> Problem to solve: Without including the pictures, copy out every line below.

> Provided material:

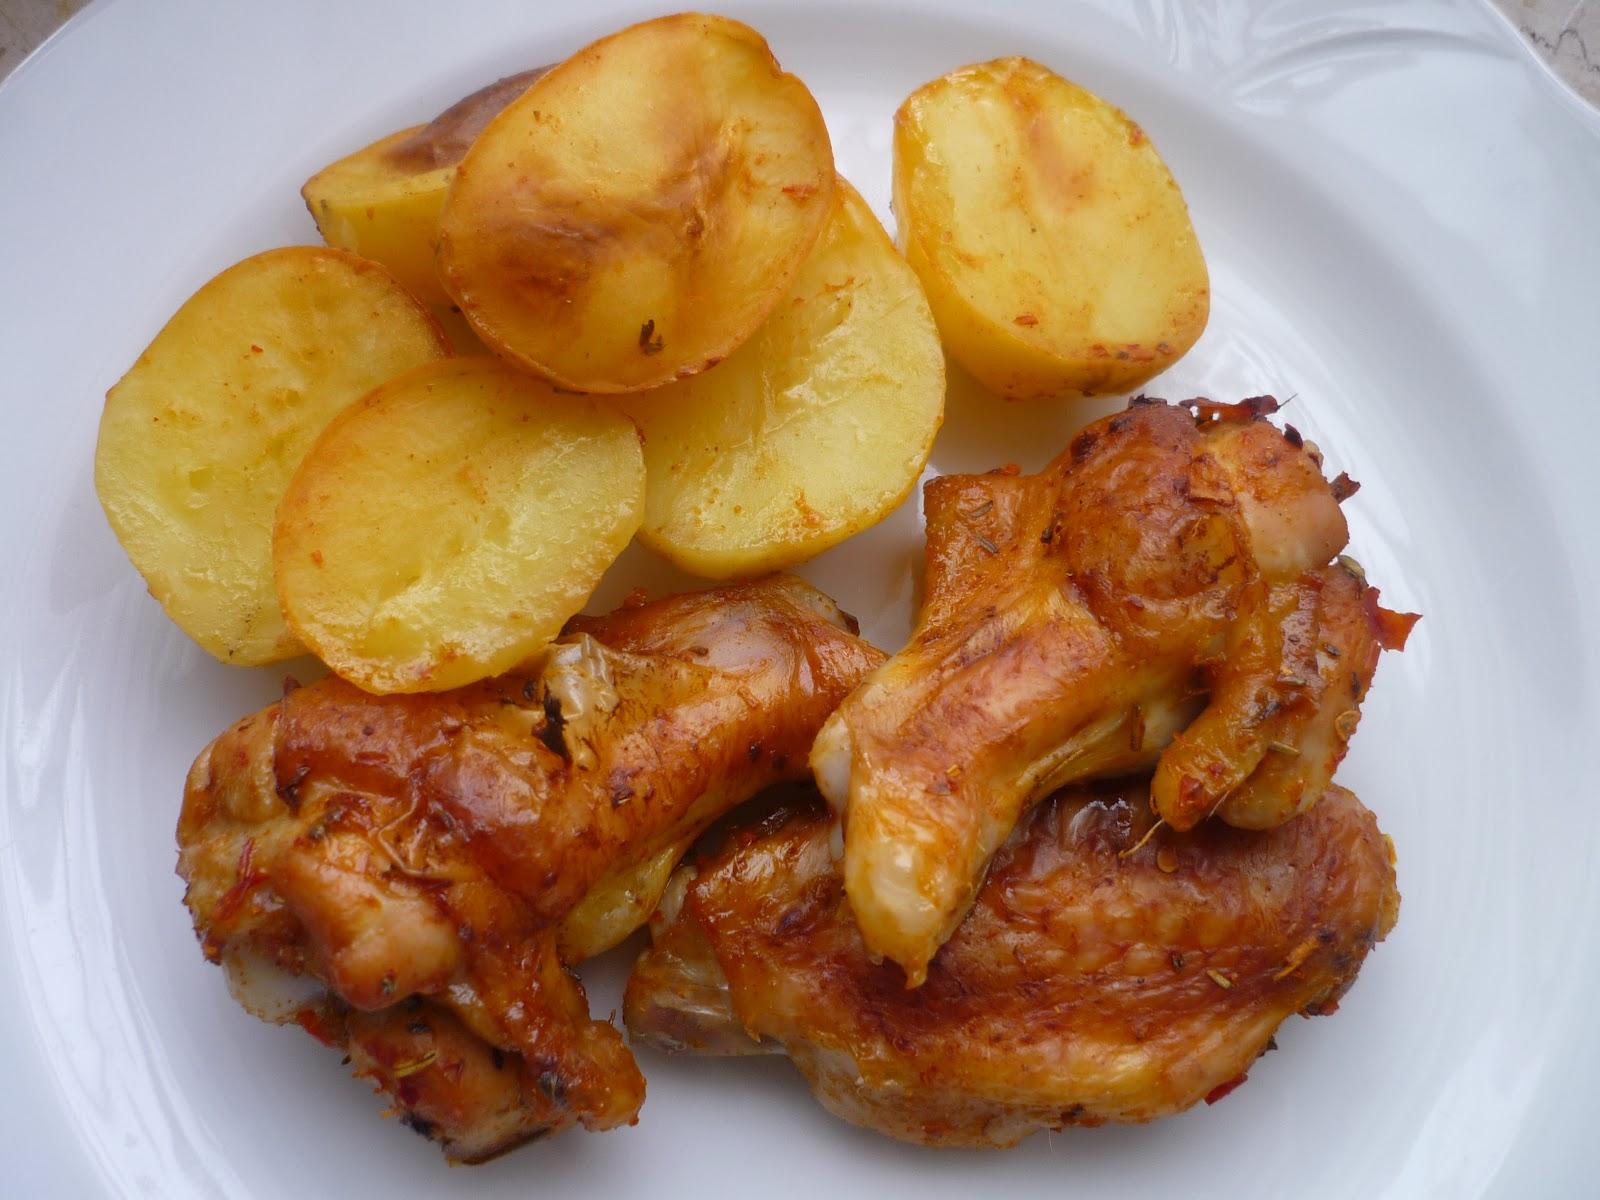 Fırında Tavuk Tarifi – Tavuklu Tarifler
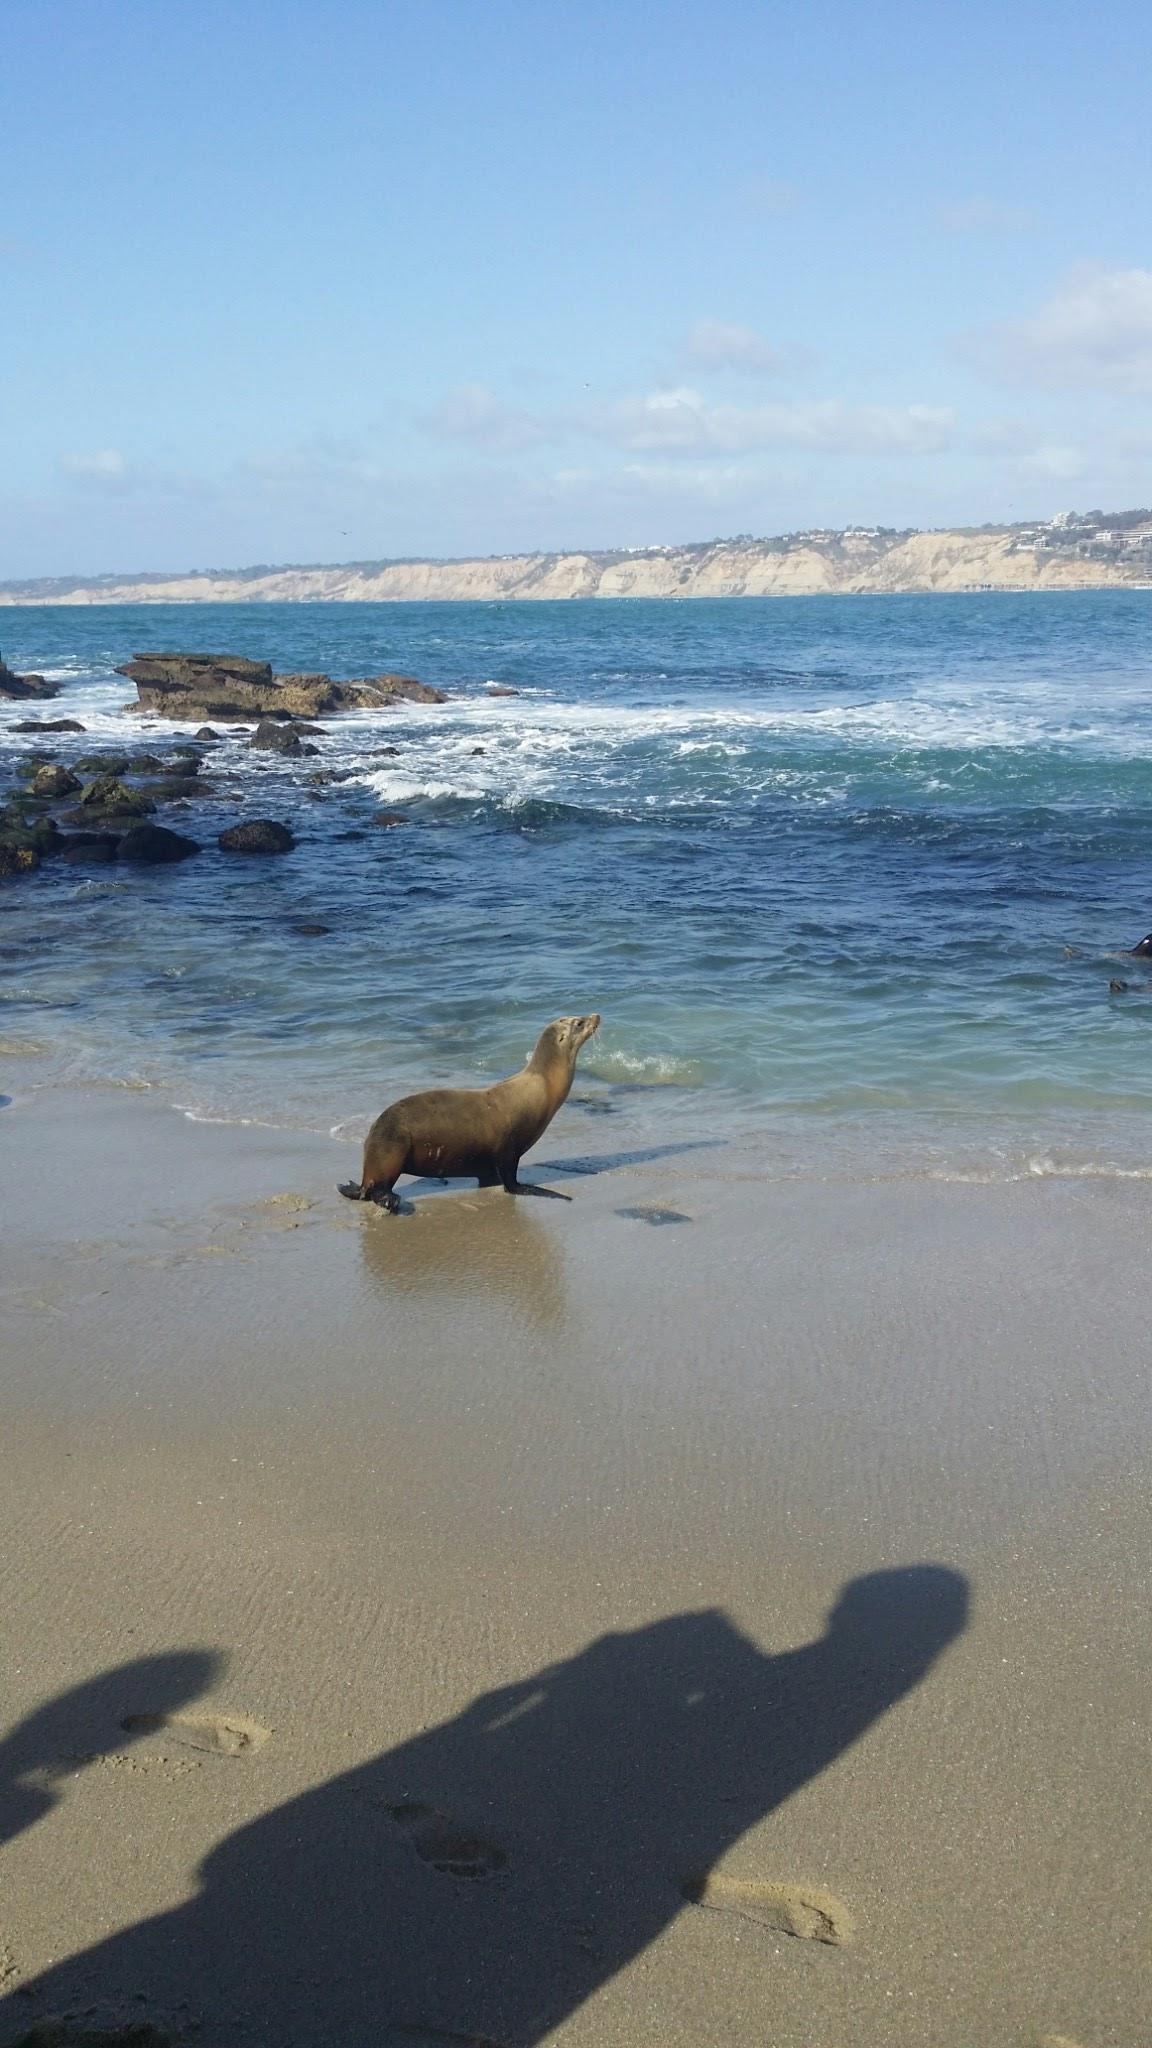 Sea lion at La Jolla Cove, San Diego
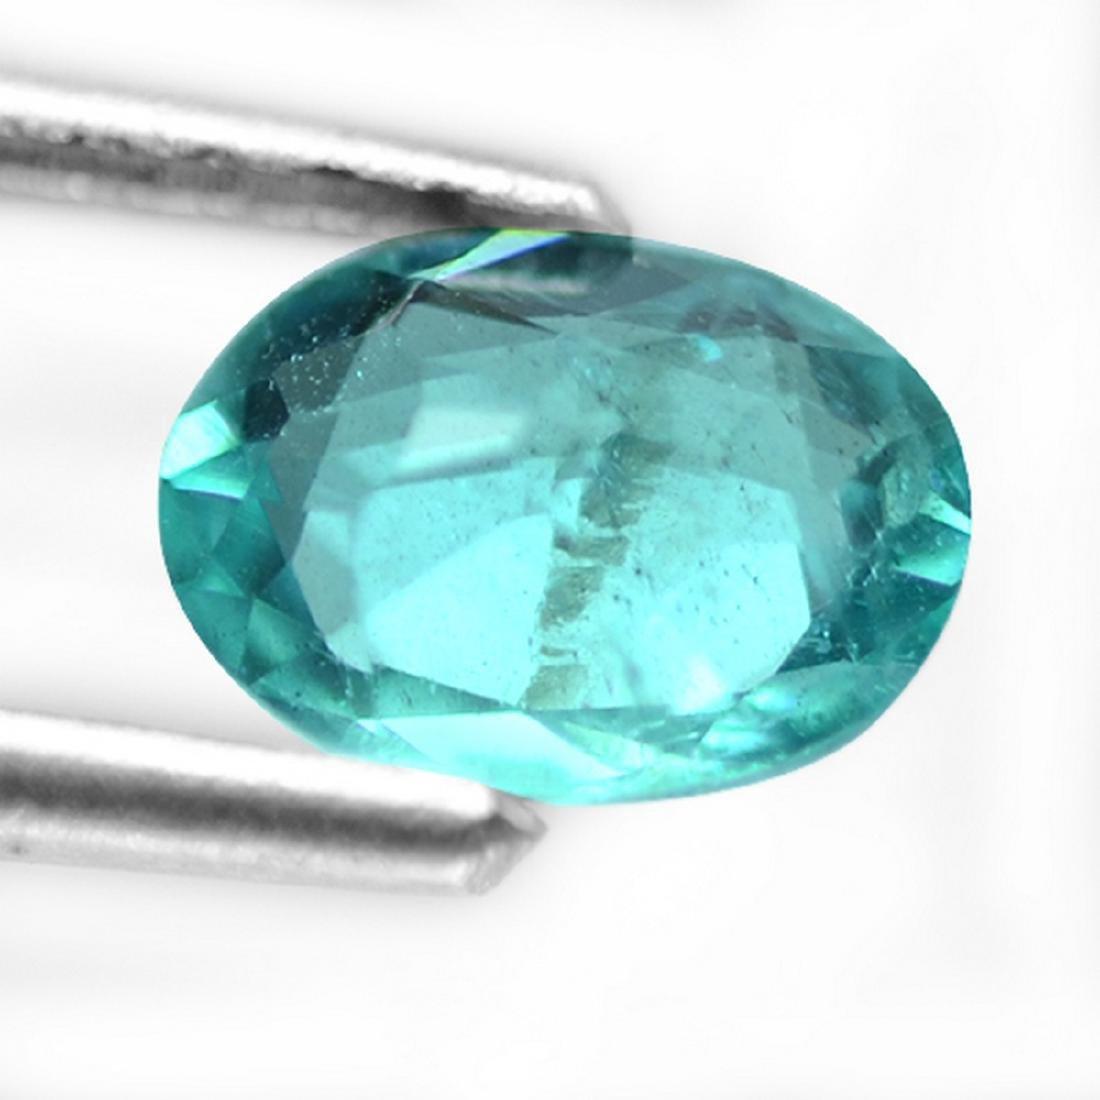 1.02 Carat Loose Natural Paraiba Blue Apatite Oval - 2
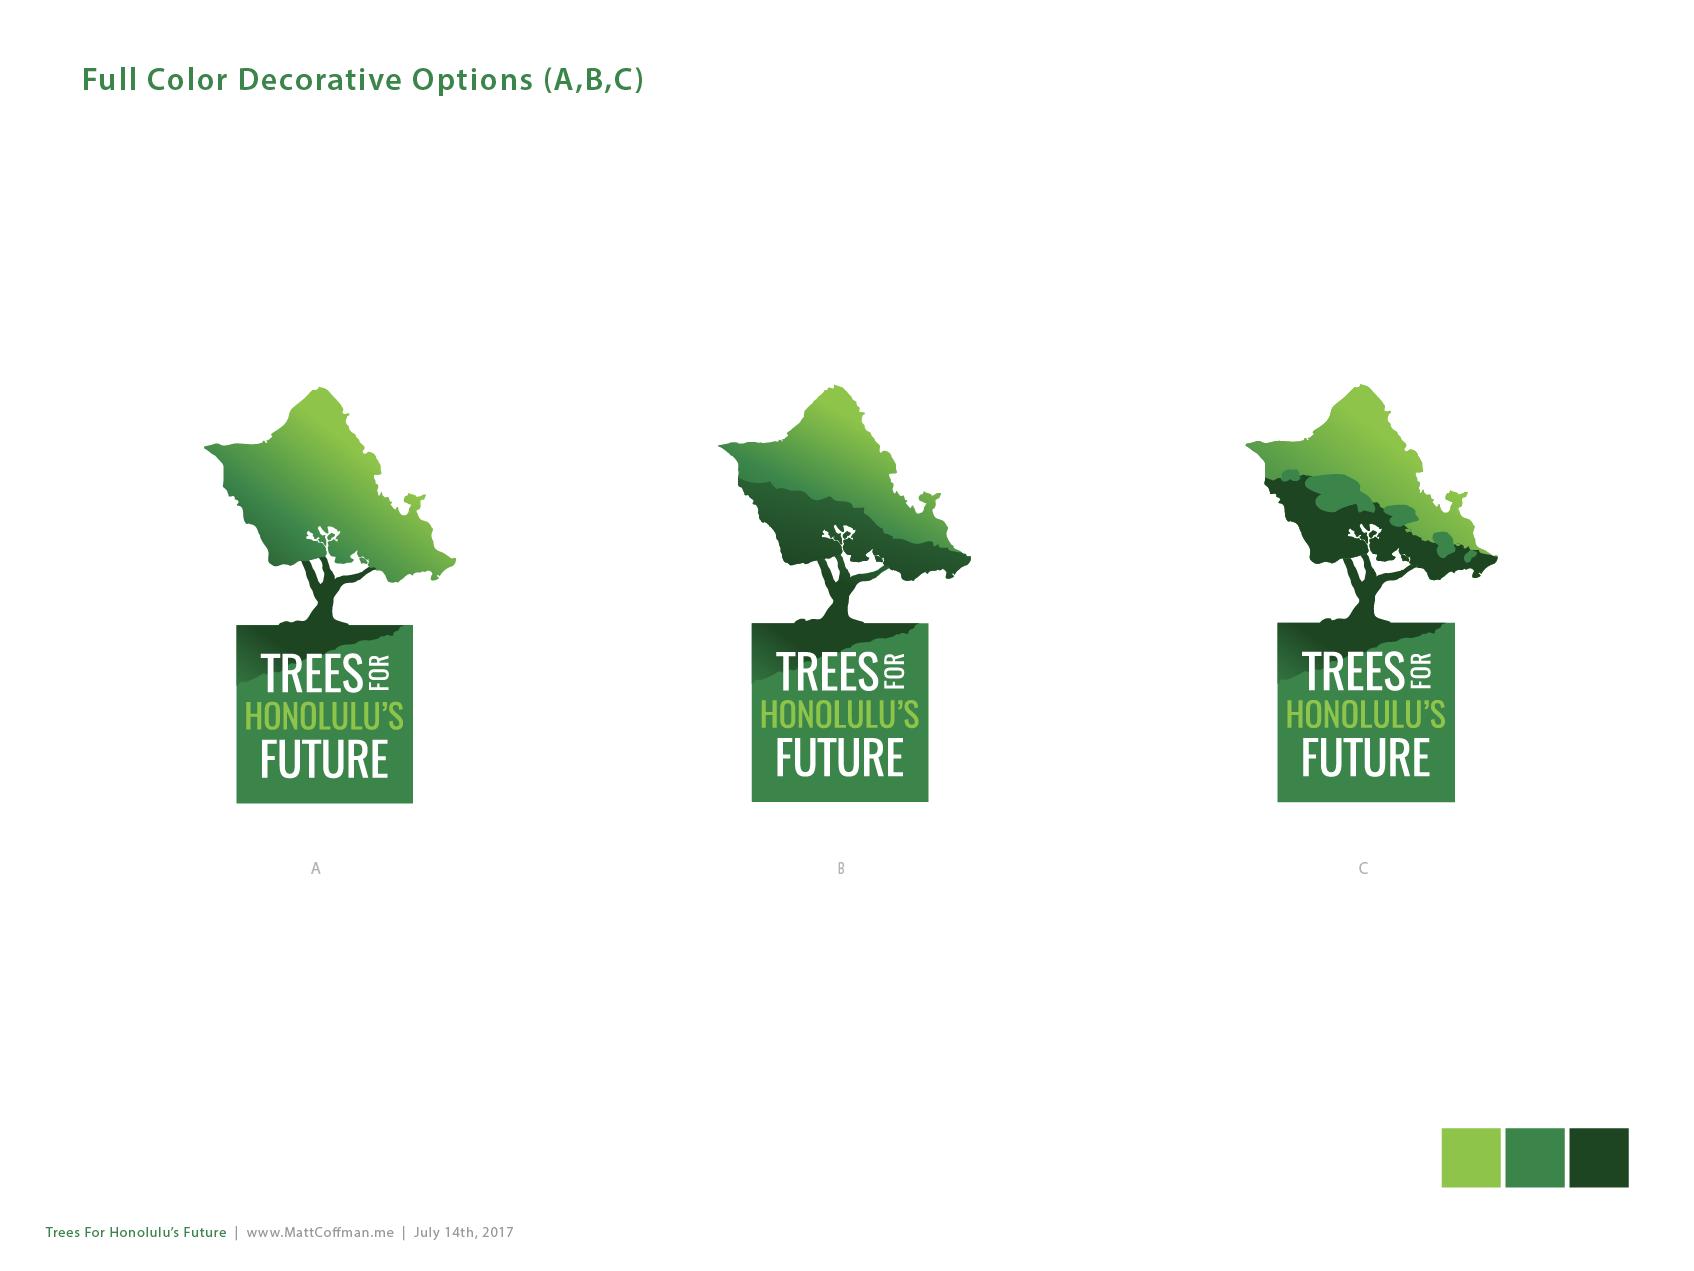 Trees for Honolulu's Future A, B, C Logo Options

> Answer to this task:
 Fırında Tavuk Tarifi – Tavuklu Tarifler
 Sea lion at La Jolla Cove, San Diego
 1.02 Carat Loose Natural Paraiba Blue Apatite Oval - 2
 Trees for Honolulu's Future A, B, C Logo Options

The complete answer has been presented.